» **PROVIDED MATERIAL**
#####

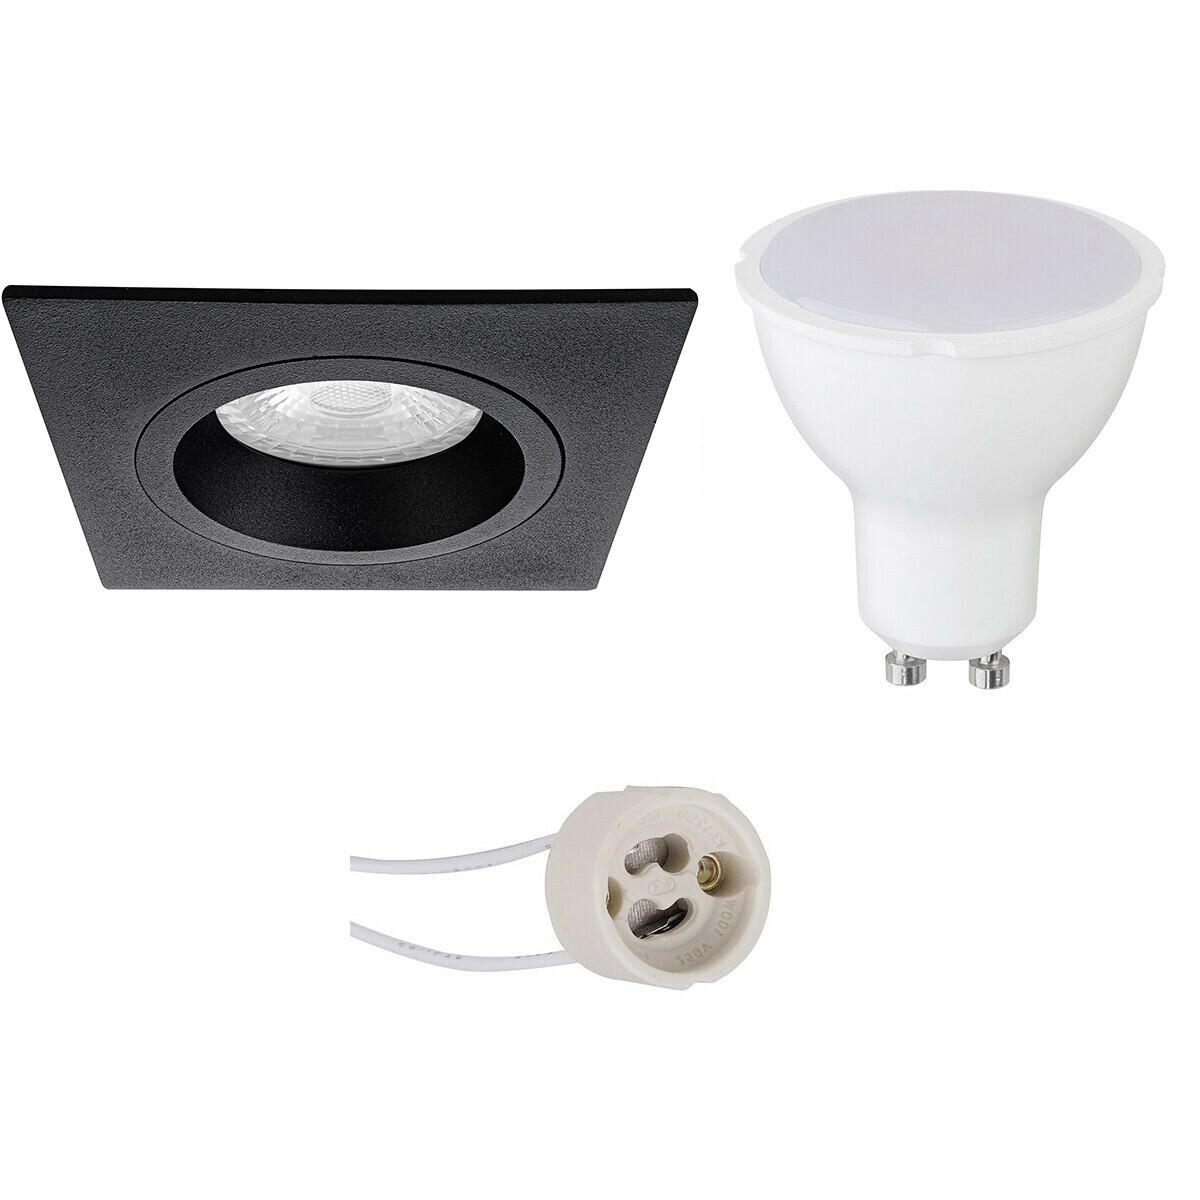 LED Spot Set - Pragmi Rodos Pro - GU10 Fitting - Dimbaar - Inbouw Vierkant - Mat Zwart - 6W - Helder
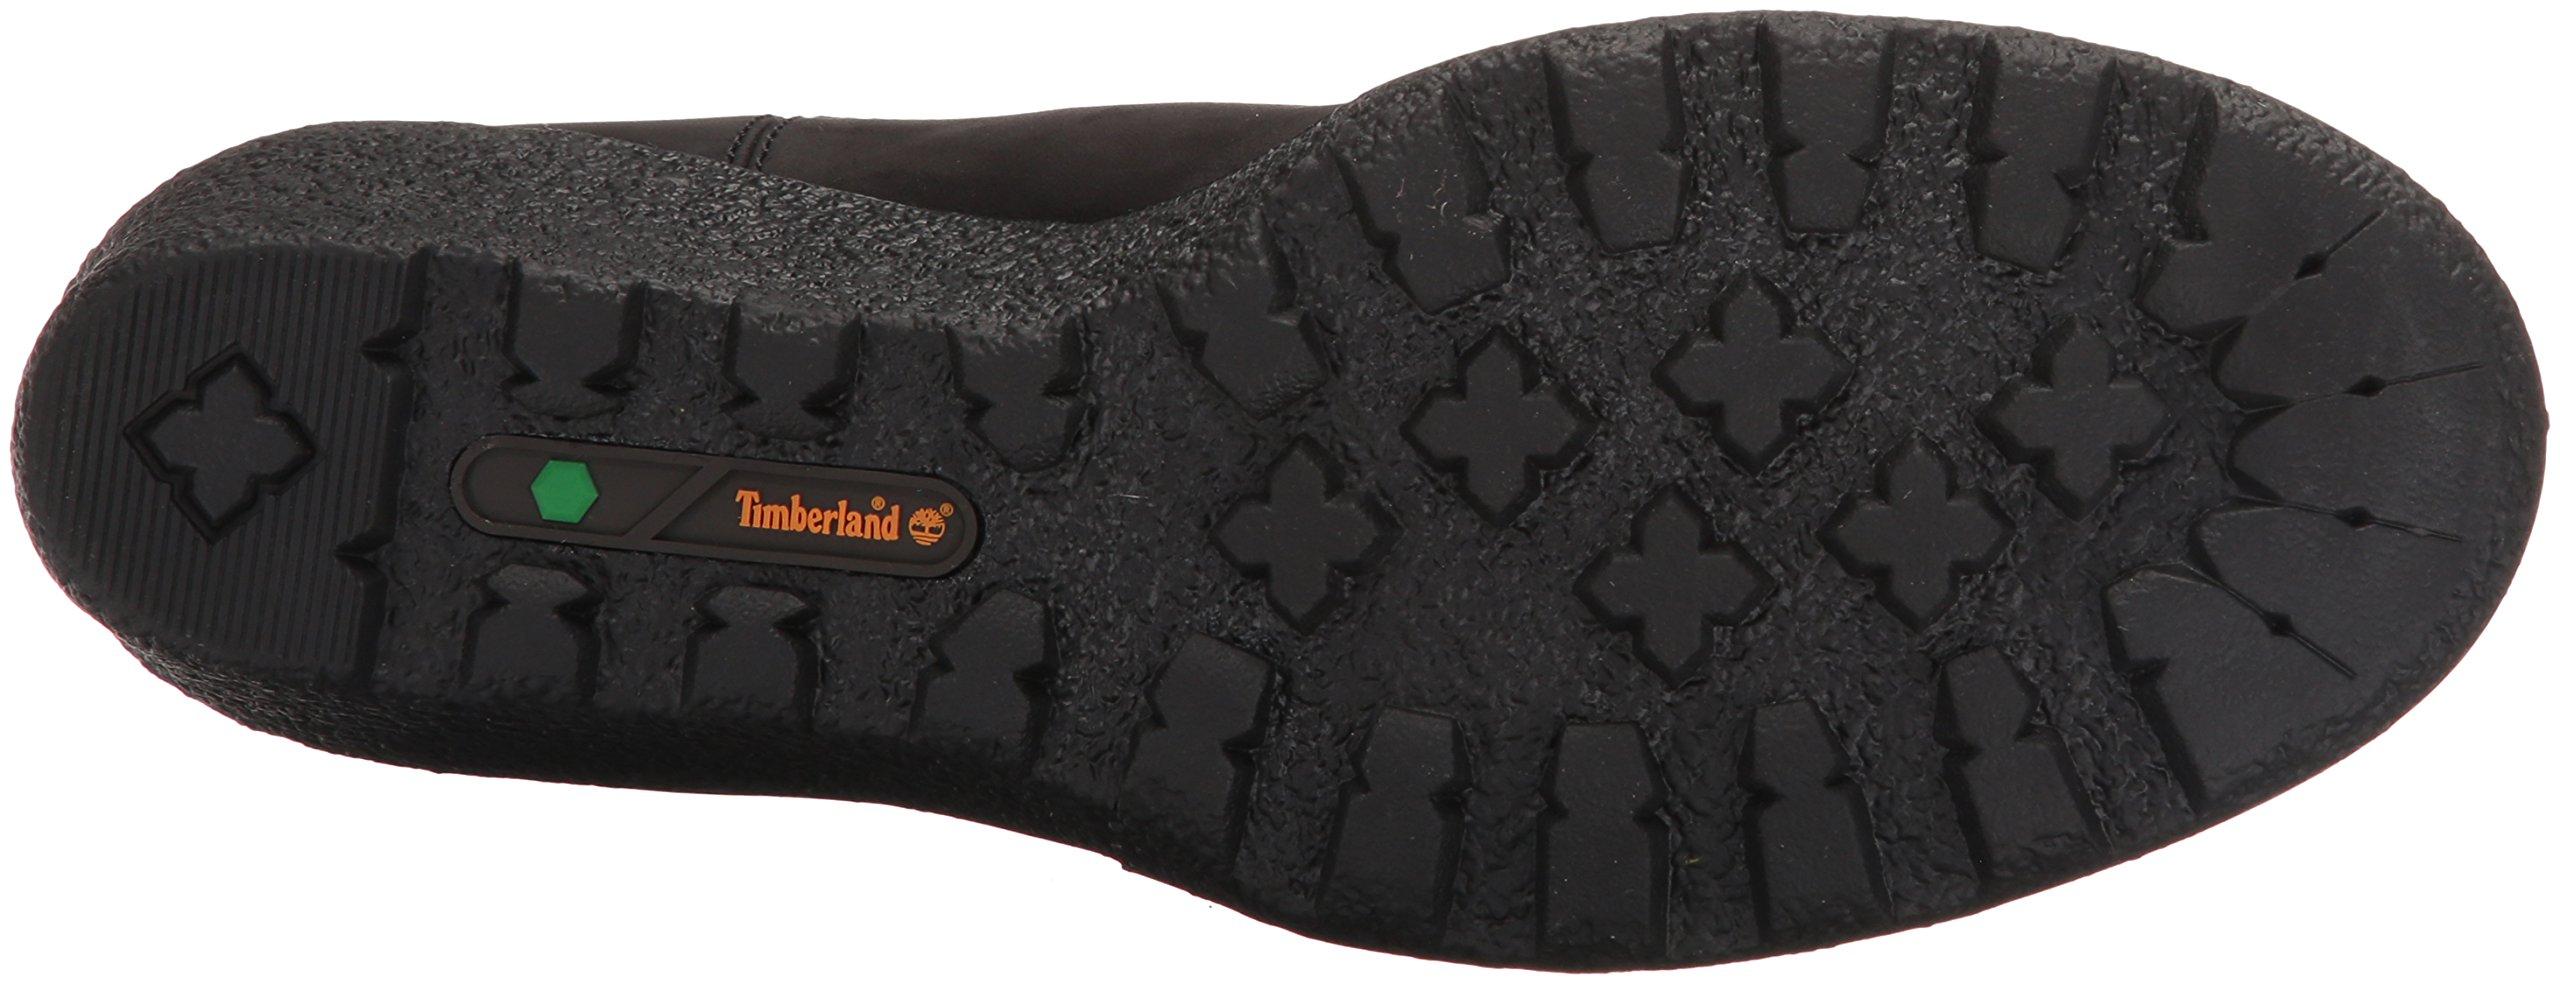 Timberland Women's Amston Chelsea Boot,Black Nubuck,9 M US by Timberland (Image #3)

#####

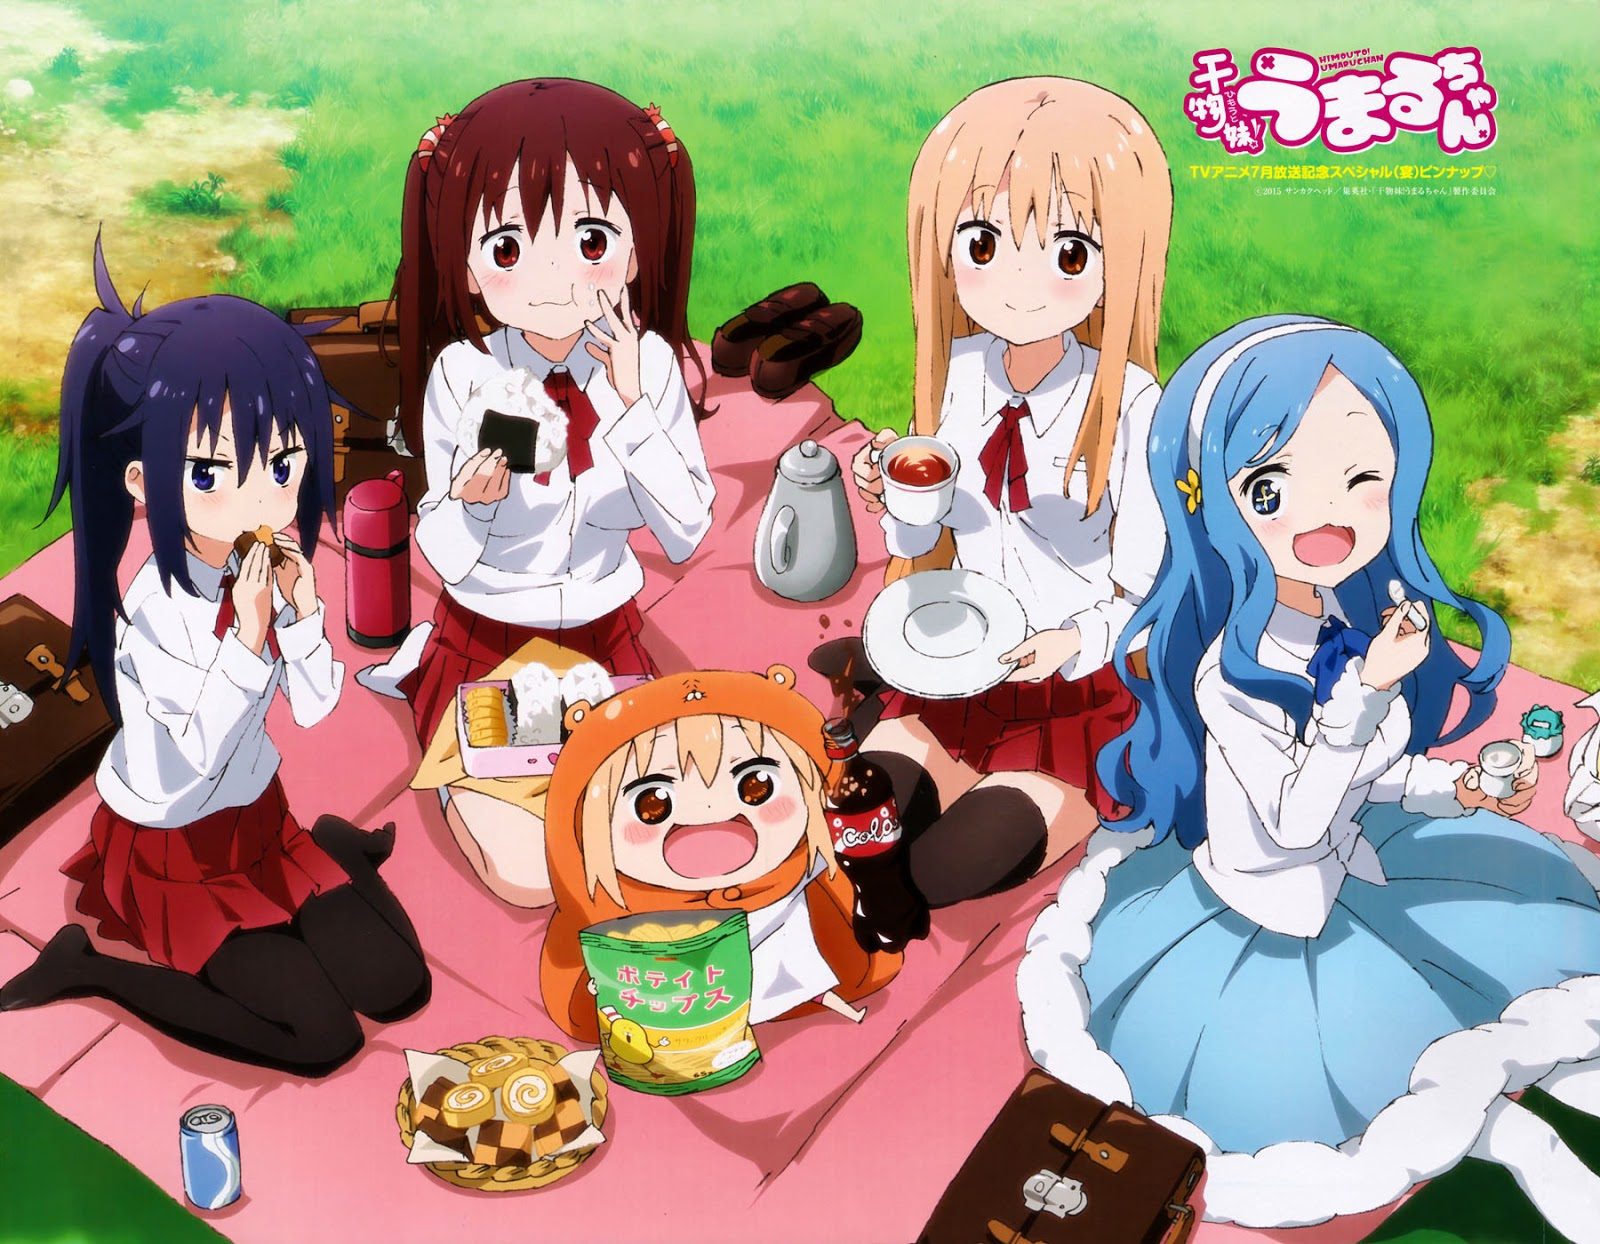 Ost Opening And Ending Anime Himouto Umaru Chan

#####

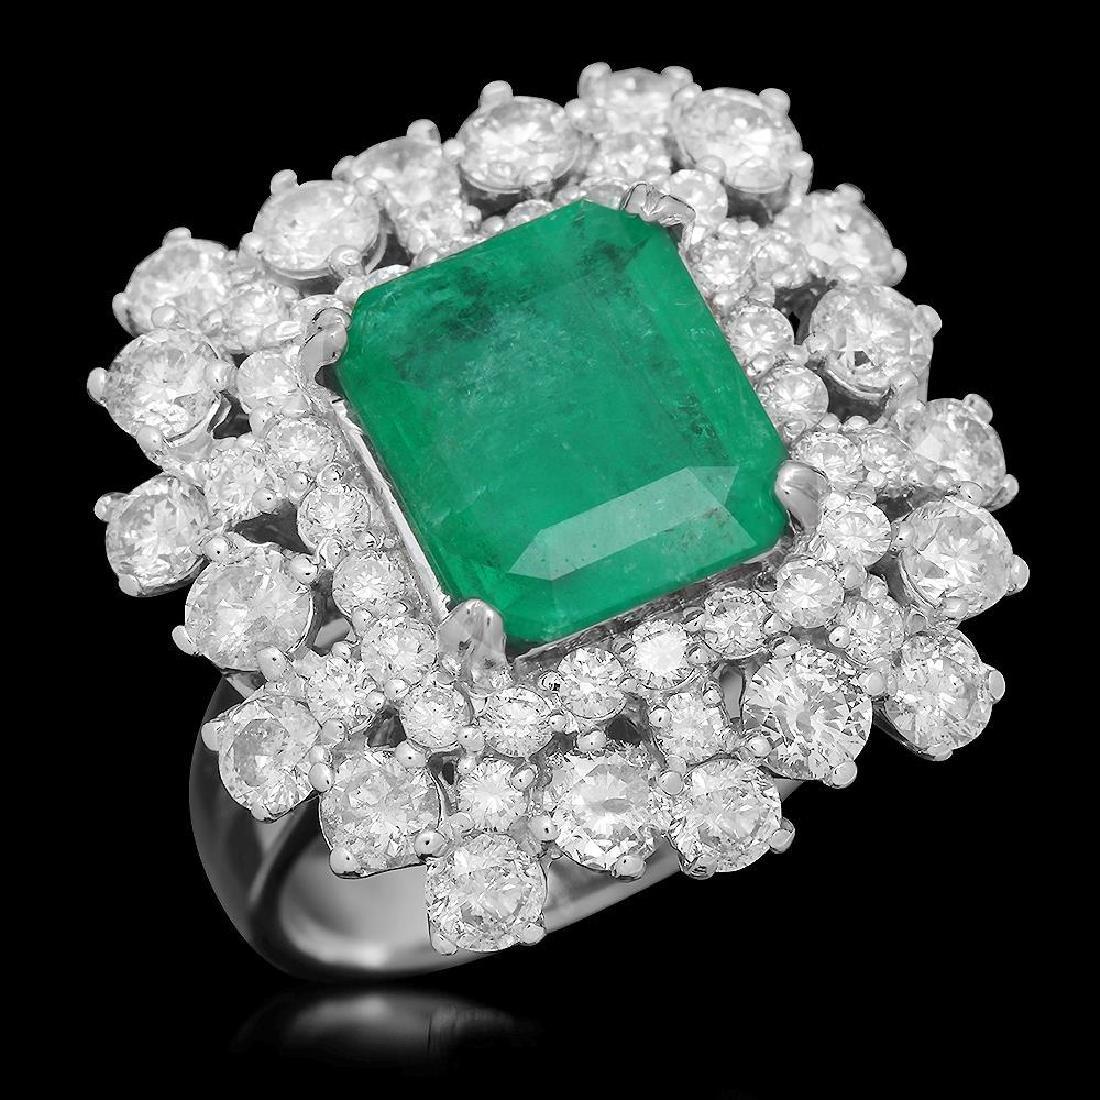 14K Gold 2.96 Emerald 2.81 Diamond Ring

#####

» **REQUIRED ACTION**
Above are the records; please give again, exactly and in full, only the lines that run from the line with "LED Spot Set" through the line with "Timberland Women's Amston", with no pictures.

» **FINISHED EXERCISE**
 LED Spot Set - Pragmi Rodos Pro - GU10 Fitting - Dimbaar - Inbouw Vierkant - Mat Zwart - 6W - Helder
 Timberland Women's Amston Chelsea Boot,Black Nubuck,9 M US by Timberland (Image #3)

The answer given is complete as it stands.